How do you factor \[{x^4} + 2{x^2} + 1\] ?

Answer 1

Hint: The given equation is a biquadratic equation. Here, in this question, we find the factors by different methods firstly by using the method of factorisation and also by using the sum product rule for the equation and hence we find the factors for the equation.

Complete step-by-step answer:
Factorization means the process of creating a list of factors otherwise in mathematics, factorization or factoring is the decomposition of an object into a product of other objects, or factors, which when multiplied together give the original.
The general form of an equation is \[a{x^2} + bx + c\] when the coefficient of \[{x^2}\] is unity.
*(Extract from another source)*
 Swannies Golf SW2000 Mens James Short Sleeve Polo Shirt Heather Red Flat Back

Every quadratic equation can be expressed as \[{x^2} + bx + c = \left( {x + d} \right)\left( {x + e} \right)\] . Here, b is the sum of d and e and c is the product of d and e.
Consider the given expression \[{x^4} + 2{x^2} + 1\] .
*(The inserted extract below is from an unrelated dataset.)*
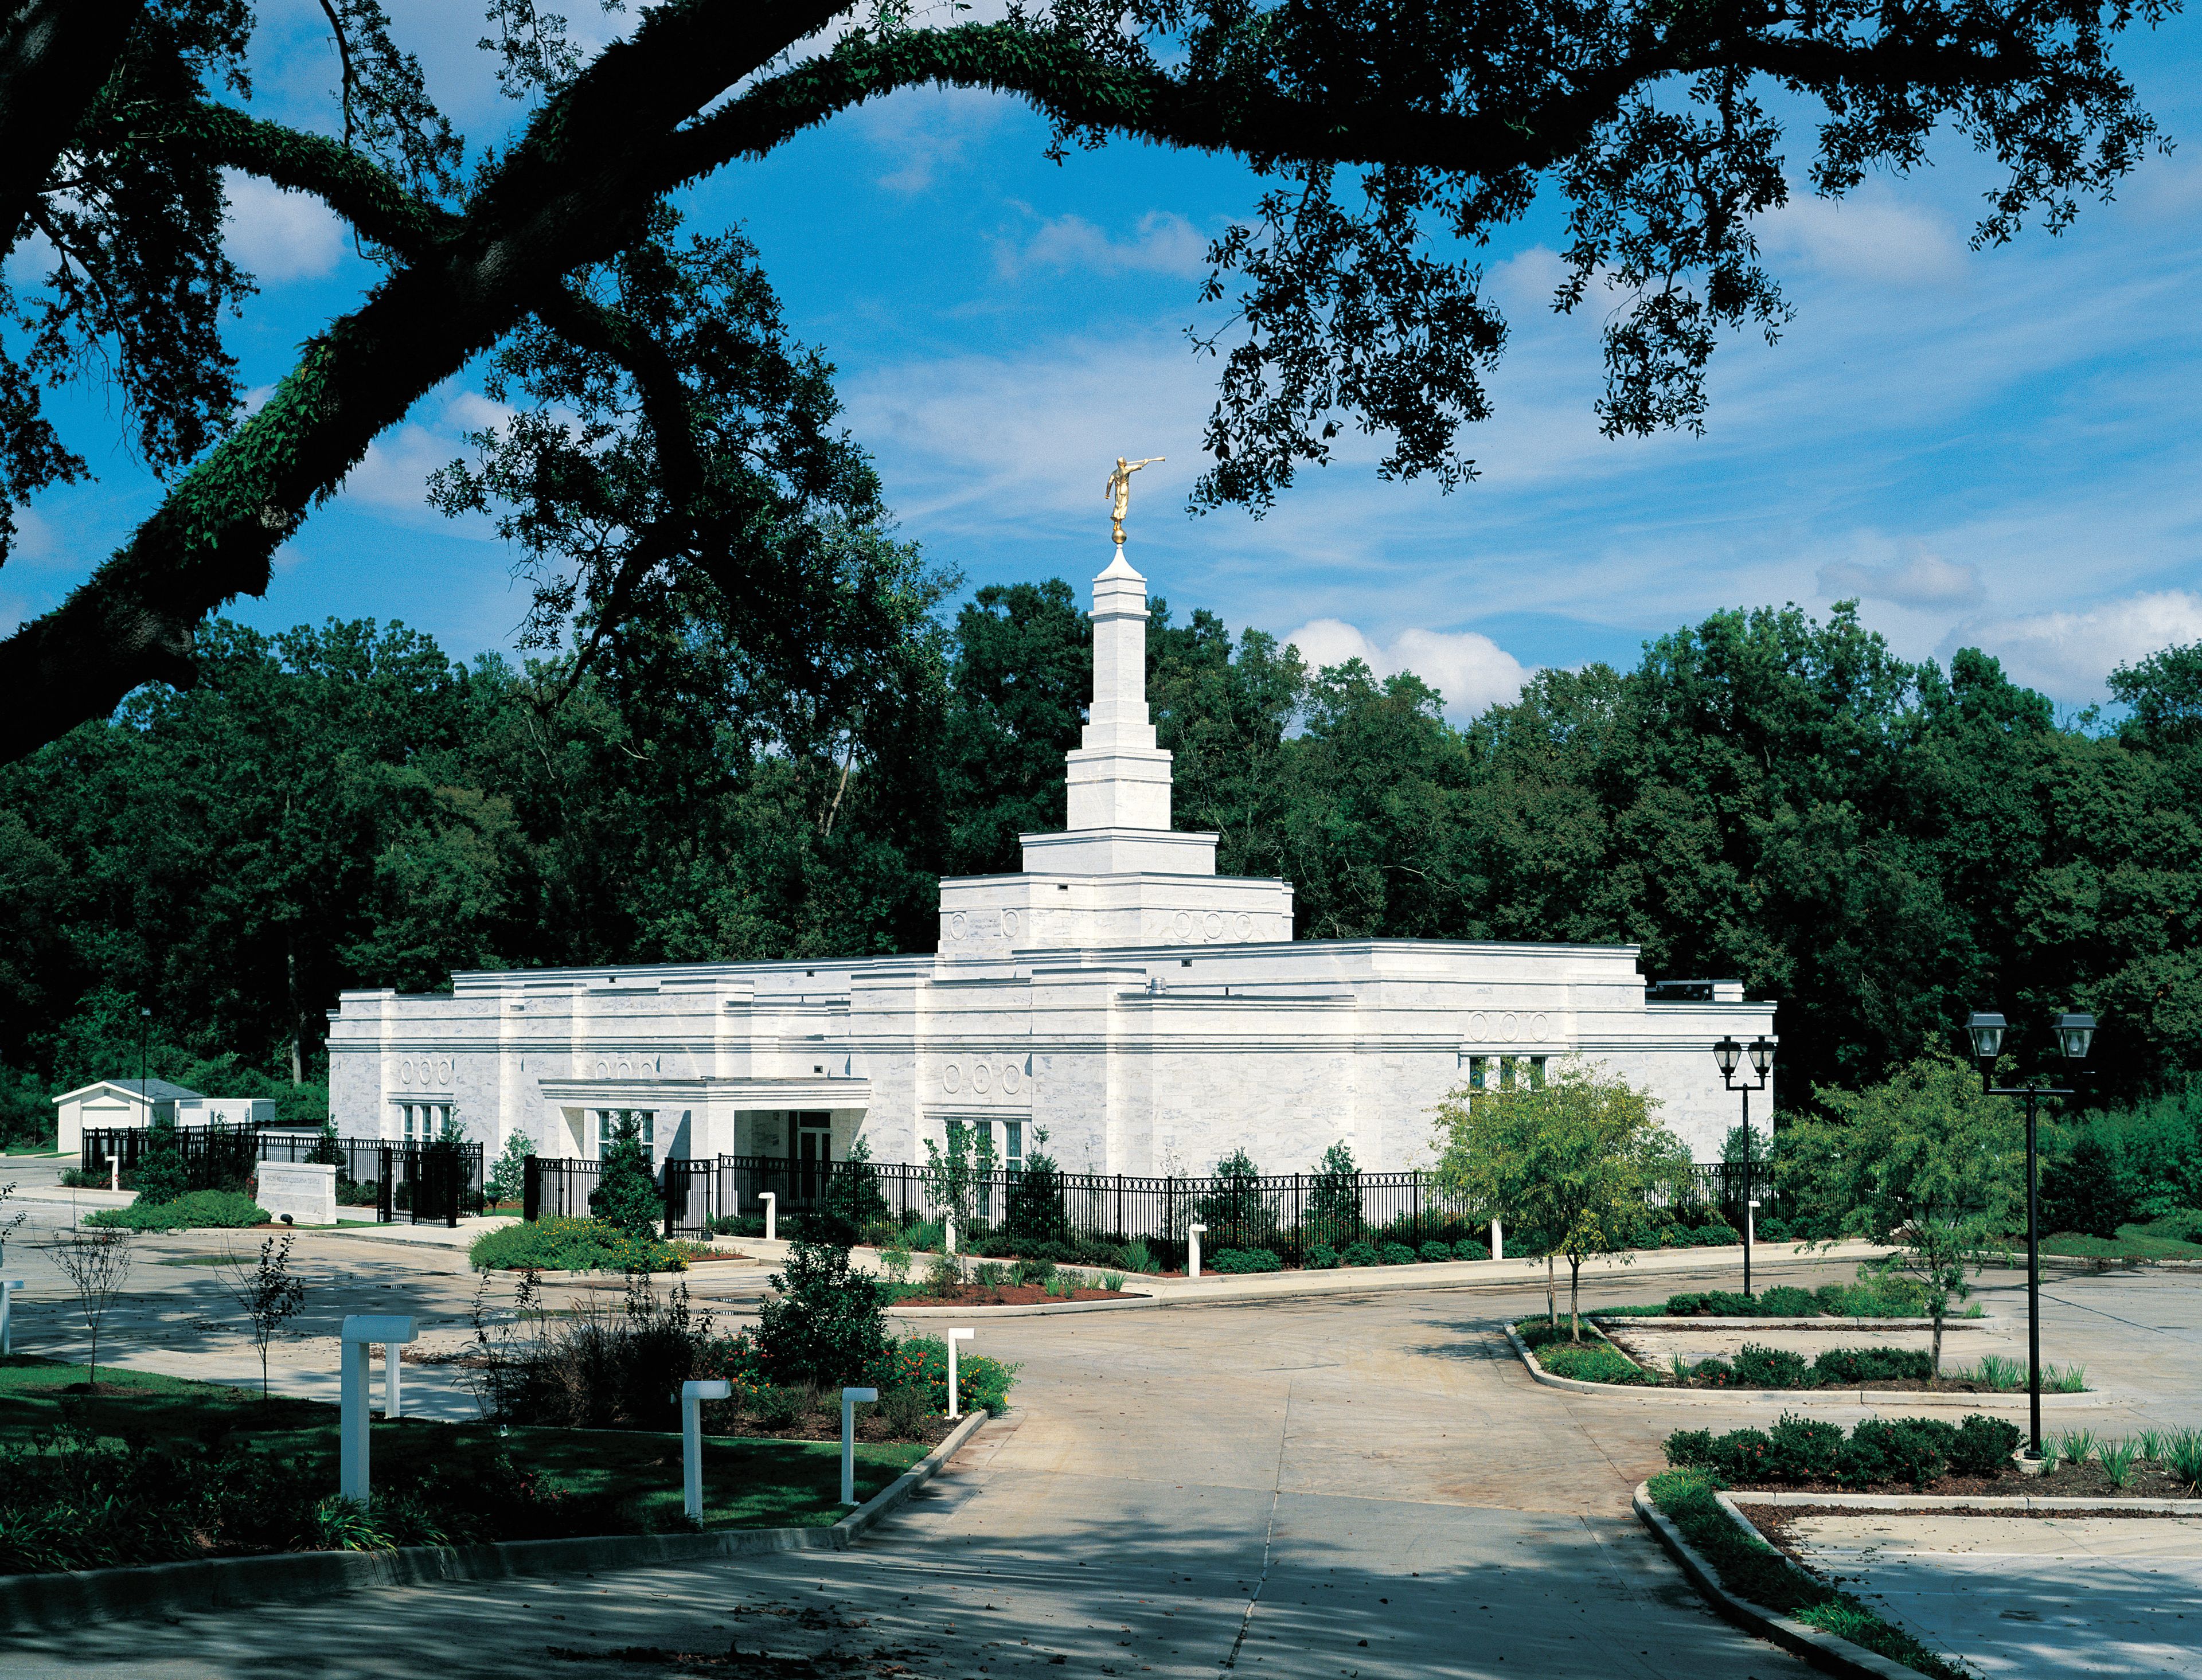 A side view of the Baton Rouge Louisiana Temple on a sunny day.

Temporarily Rewrite \[{x^4} = {\left( {{x^2}} \right)^2} = {u^2}\] , where \[u = {x^2}\]
The given expression can be written as
 \[ \Rightarrow {u^2} + 2u + 1\]
consider the factors of the product ac which sum to b, Product of factors of 1 are \[1 = 1 \times 1\] , \[ - 1 \times - 1\] Here, the possible pair of factor gives a summation of 2 is \[\left( {1,1} \right)\] .
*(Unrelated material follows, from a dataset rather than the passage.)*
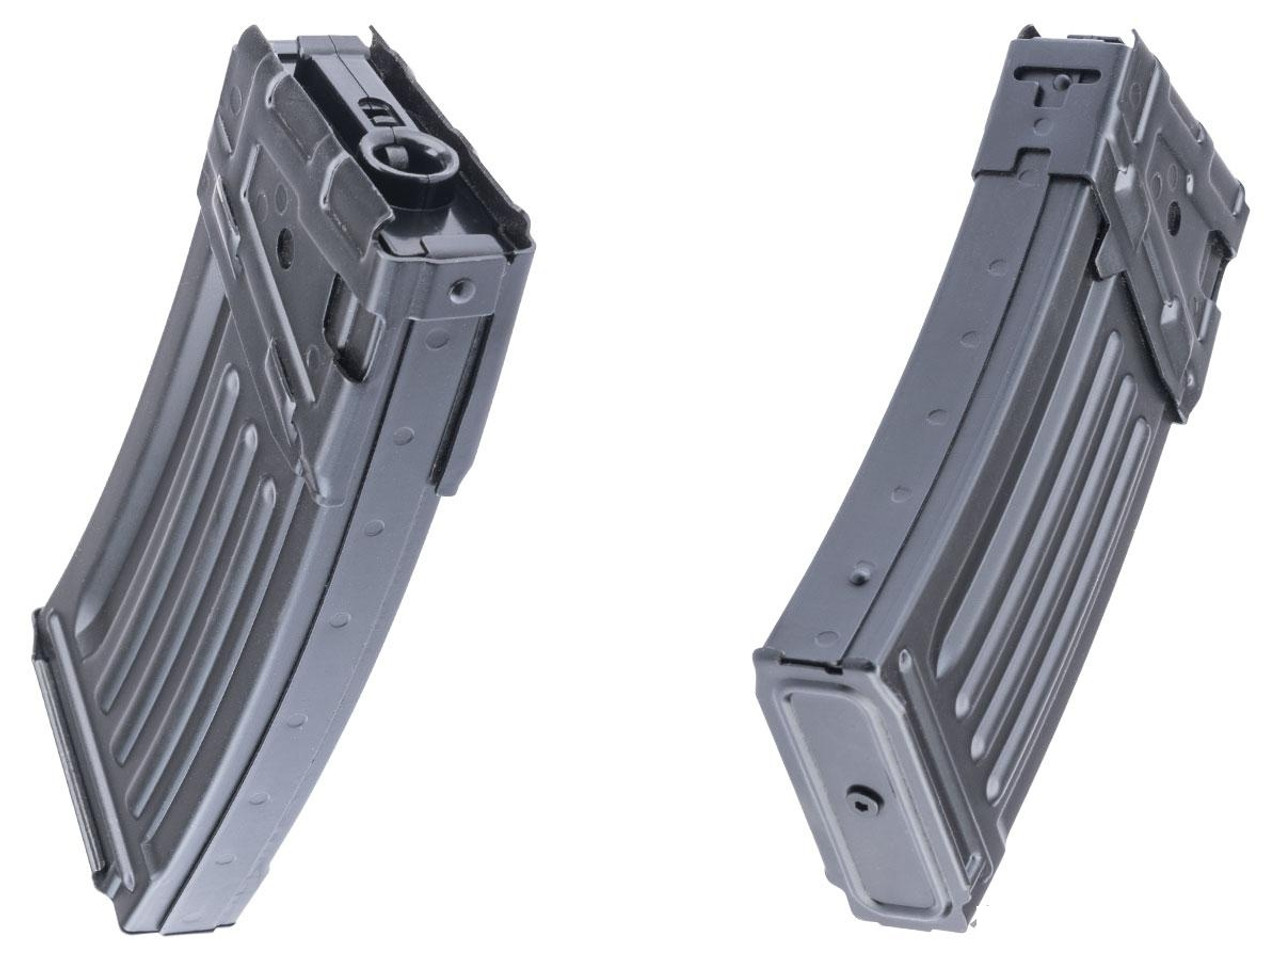 LCT Metal 100rd Mid-Cap Magazine for LK-33 Series AEGs

Now, Break the middle term as the summation of two numbers such that its product is equal to 1. Calculated above such two numbers are 1 and 1.
 \[ \Rightarrow {u^2} + 1.u + 1.u + 1\]
 \[ \Rightarrow {u^2} + u + u + 1\]
Making pairs of terms in the above expression
 \[ \Rightarrow \left( {\,{u^2} + u} \right) + \left( {u + 1} \right)\]
Take out greatest common divisor GCD from the both pairs, then
 \[ \Rightarrow u\left( {\,u + 1} \right) + 1\left( {u + 1} \right)\]
Take \[\left( {u + 1} \right)\] common
 \[ \Rightarrow \left( {u + 1} \right)\left( {u + 1} \right)\]
 \[ \Rightarrow {\left( {u + 1} \right)^2}\]
Again reverse replace \[u = {x^2}\]
 \[ \Rightarrow {\left( {{x^2} + 1} \right)^2}\]
Hence, the factors of the expression \[{x^4} + 2{x^2} + 1\] is \[\,{\left( {{x^2} + 1} \right)^2}\] .
So, the correct answer is “ \[\,{\left( {{x^2} + 1} \right)^2}\] ”.

Note: We have converted the equation to a quadratic equation by substituting the square term of x as u. This problem can be solved by using the sum product rule. This defines as for the general quadratic equation \[a{x^2} + bx + c\] , the product of \[a{x^2}\] and c is equal to the sum of bx of the equation. Hence, we obtain the factors.